Gallup began tracking the demographics of the emotions that coincide with the nation’s health and economic crises on March 23 and found that overall, people are worrying less in May than they were two months ago.
As states begin to reopen from lockdowns, according to the poll released on Monday, more Americans are feeling happier.
In the most recent poll, conducted between April 27 and May 10, 72 percent of respondents reported feeling happy “during a lot of the day yesterday.” That is an increase of 5 percentage points from March 23-April 5, when 67 percent of people answered the same way.
Meanwhile, 47 percent of those surveyed in the most recent poll reported feeling a sense of worry “during a lot of the day yesterday.”

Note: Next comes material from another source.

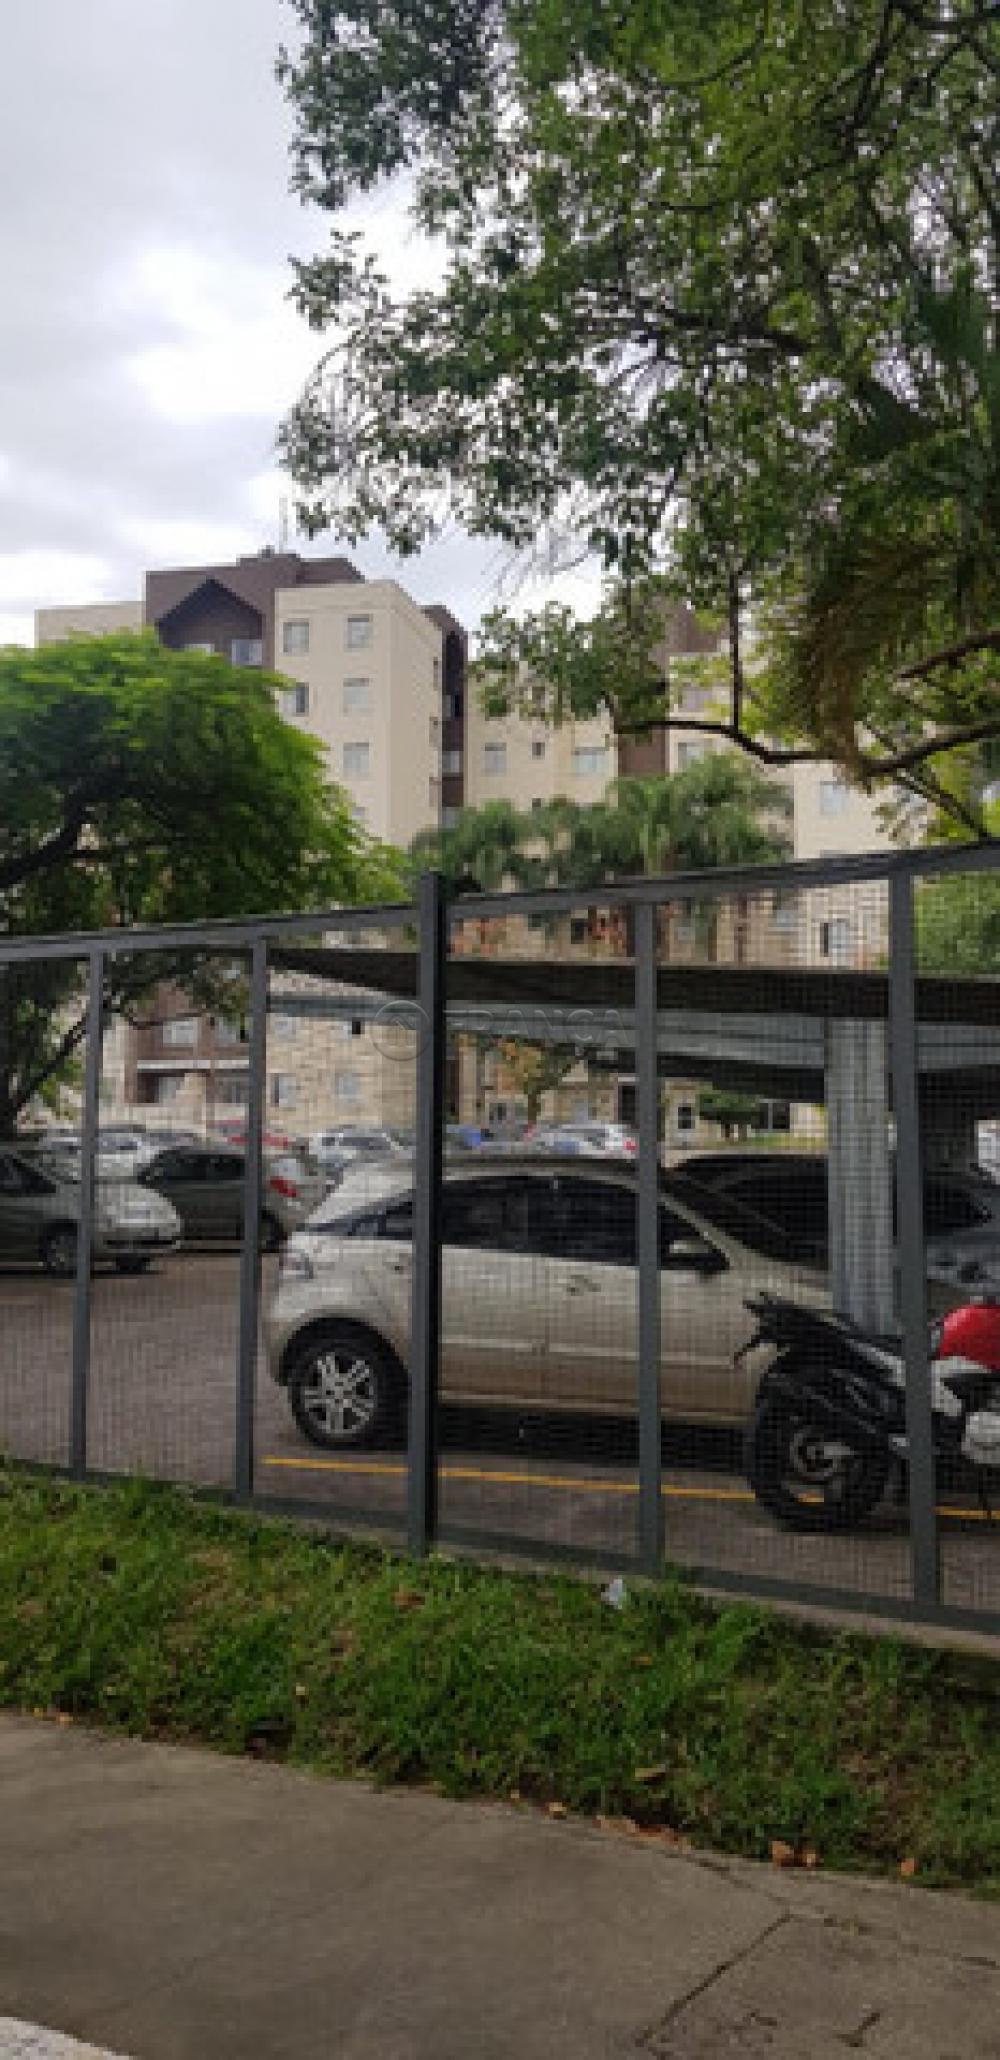 Comprar Apartamento / Padrão em São José dos Campos apenas R$ 202.000,00 - Foto 7
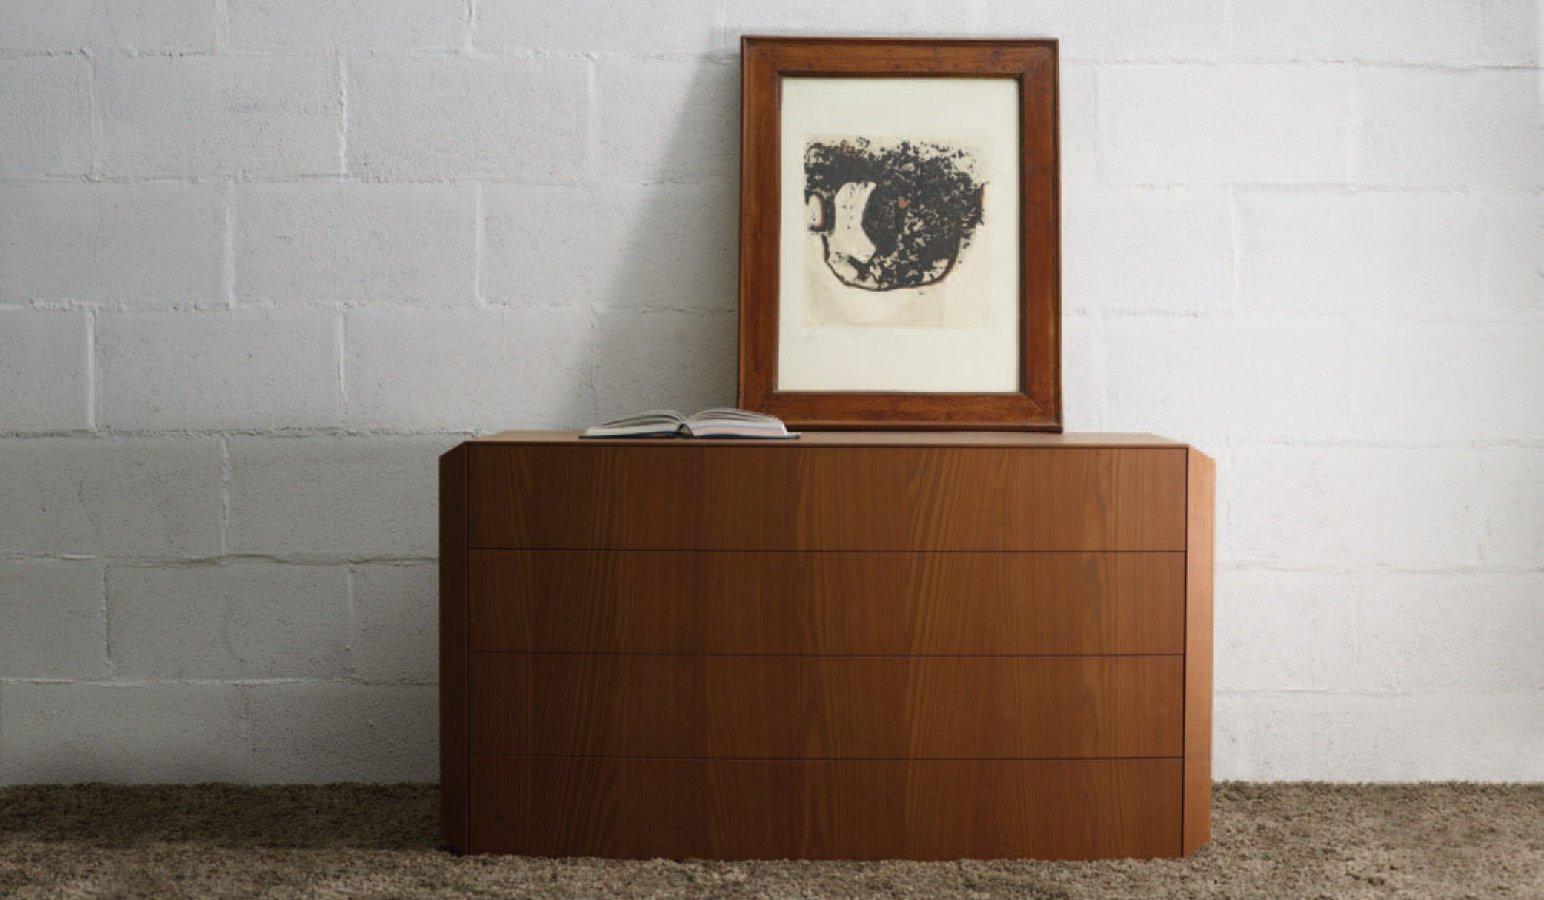 Mercurio frassino tabacco falegnameria 1946 letti armadi e complementi camera da letto - Complementi camera da letto ...

By comparison, 59 percent of respondents reported feeling worried when asked the same question in late March and early April.
In its most recent survey, Gallup noted a correlation between emotions and the party affiliation of respondents.
A higher percentage of Republicans and independents reported feeling happiness when compared to the share of Democrats who said they felt that way. Meanwhile, Democrats seemed to report feeling negative emotions at a generally higher rate than Republicans and independents.
But Republicans seemed to be the happiest of the bunch.
Seventy-seven percent of Republicans reported feeling happiness during the day prior to being surveyed, compared to 74 percent of independents and 66 percent of Democrats.
More Democrats than Republicans also reported feeling the emotions of loneliness and boredom on the day prior to being surveyed.
Twenty-eight percent of Democrats reported feeling loneliness, compared to 23 percent of independents and 19 percent of Republicans.
Independents were most likely to be bored (43 percent), compared to 42 percent of Democrats and 40 percent of Republicans.
The survey also found that Democrats were far more worried than any of the groups surveyed, and edged out Republicans in this category by 20 points.
Fifty-eight percent of Democrats said they had felt worried a day prior to being polled, compared to 44 percent of independents and 38 percent of Republicans.
“Results for this Gallup poll are based on self-administered web surveys conducted April 27-May 10, 2020, with a random sample of 8,712 U.S. adults, aged 18 and older, who are members of the Gallup Panel. Gallup uses probability-based, random sampling methods to recruit its Panel members,” the polling organization noted.
“For results based on any individual sample, the margin of sampling error is ±2 percentage points at the 95% confidence level. Margins of error for subgroups are higher.”